魔族たちに引きづられてやってきたペロッティは、人間姿で顔面蒼白、頬はこけ、悲鳴にも近い大きめの呻き声をあげ続けていました。
「ぺっペロッティ・・・」
ペロッティの、そのあまりの悲惨な末路に、アグニは衝撃を受けました。
「まさか、あれは・・・」
ペロッティの異変を見たグラウスの全身に悪寒が走りました。
「こいつの体内に、地獄病のウィルスを与えてやった。病気そのもので直死ぬ事は無いが、死ぬよりも苦しい痛みを受け続ける事になる。体力が尽きて事切れるまでなっ」
ペロッティにかけられた病、地獄病は、魔族のザルエラだけが持つ特殊な病原菌です。治す方法は存在せず、正にペロッティは体力を消耗し、死ぬまで境を彷徨うことになってしまったのです。
「なっなんてことを・・・・」
漣は悔しそうに唇を強く噛みました。
「ペロッティじゃないのよっ」
「何?」
アグニは瞳からうっすらと涙を流しつつ、そして
「ペミスエに止めを刺したのは、私。だから、ペロッティの病気を治してっ私を地獄病にしなさいよぉっ」
「何? お前が・・・・殺ったのか。
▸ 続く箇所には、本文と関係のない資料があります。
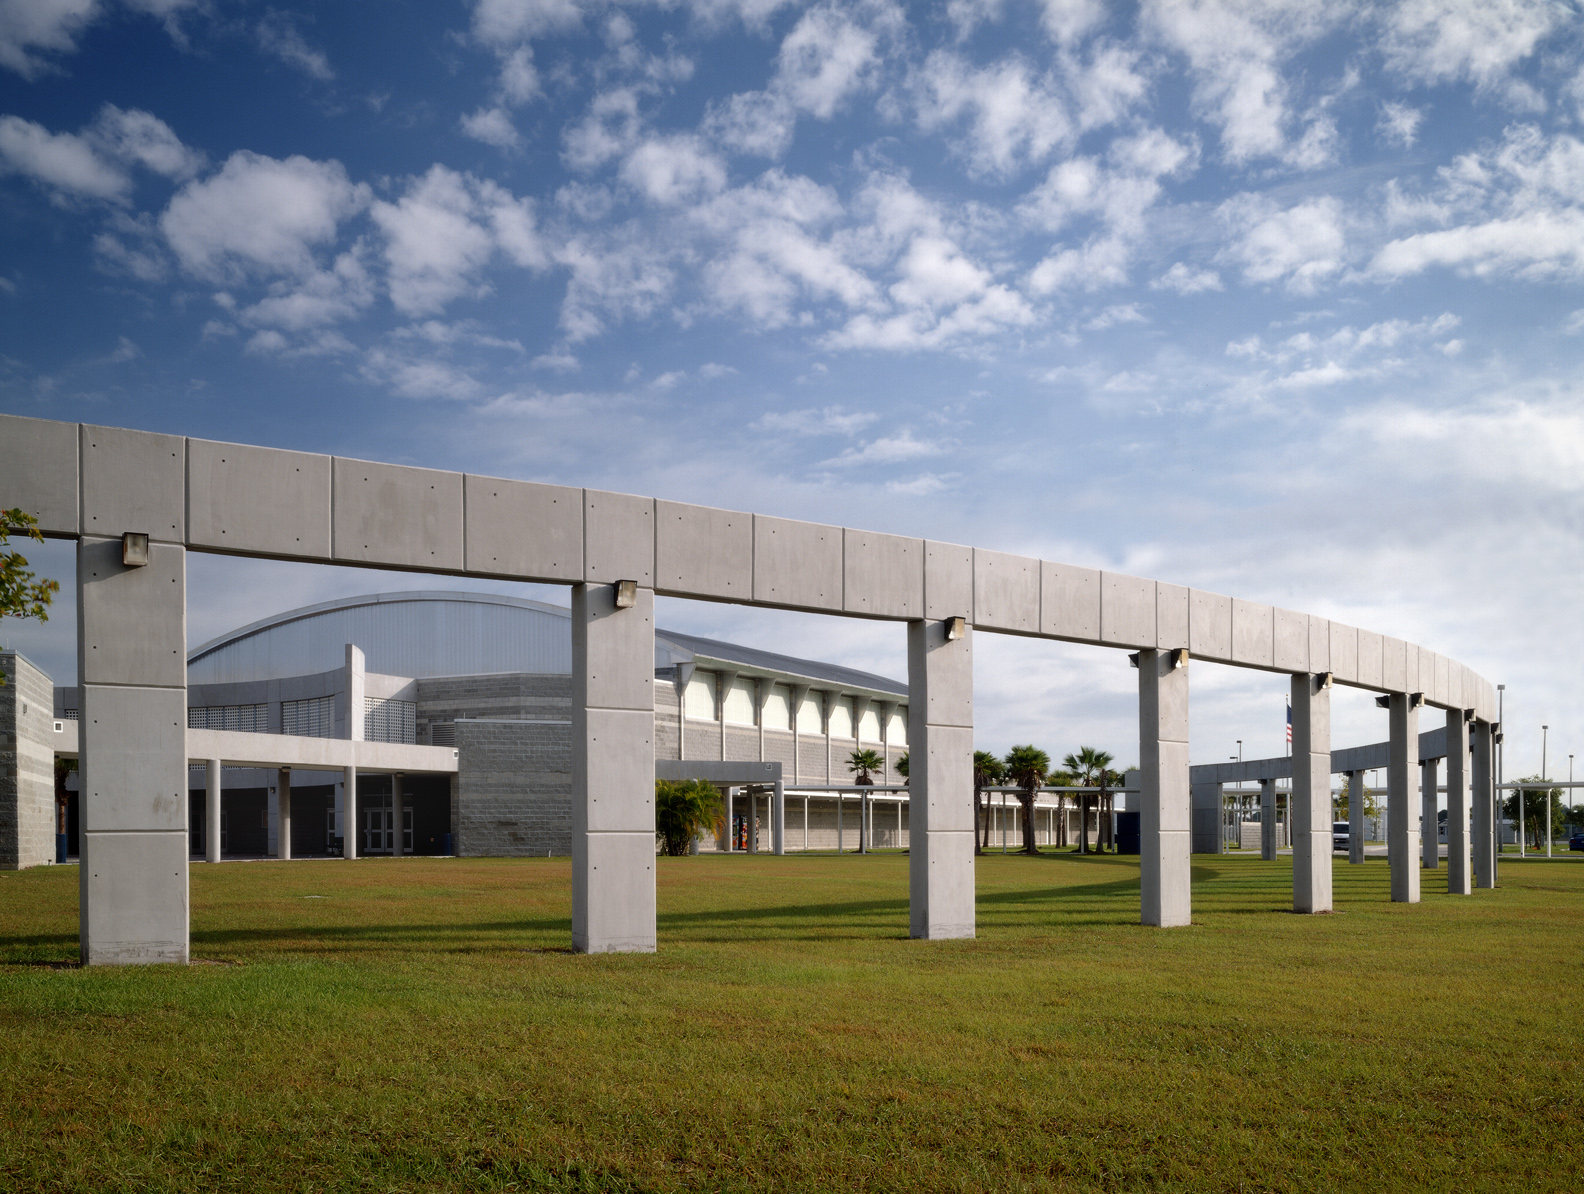 Contemporary School Architecture

ペミスエは・・・あいつは・・・やっと子供を身ごもれたかもしれぬというのに・・・お前が殺したか、アグニっ」
「こっ子供・・・?」
「(身篭っただと? まさか、魔族同士で、おしべをめしべに突っ込んで、受粉させたがか?? おぞましい・・・)」
天才的な頭脳と商才を持ちながら、性知識の全く無い、性的無知という残念な特殊体質を持っているリョウマは、いつものように幼稚な思考をし、一人声を出さずに身震いしていました。
「くっそっ自分の非力さが情けなくなってくるな・・・」
グラウスは己の無力さを呪いました。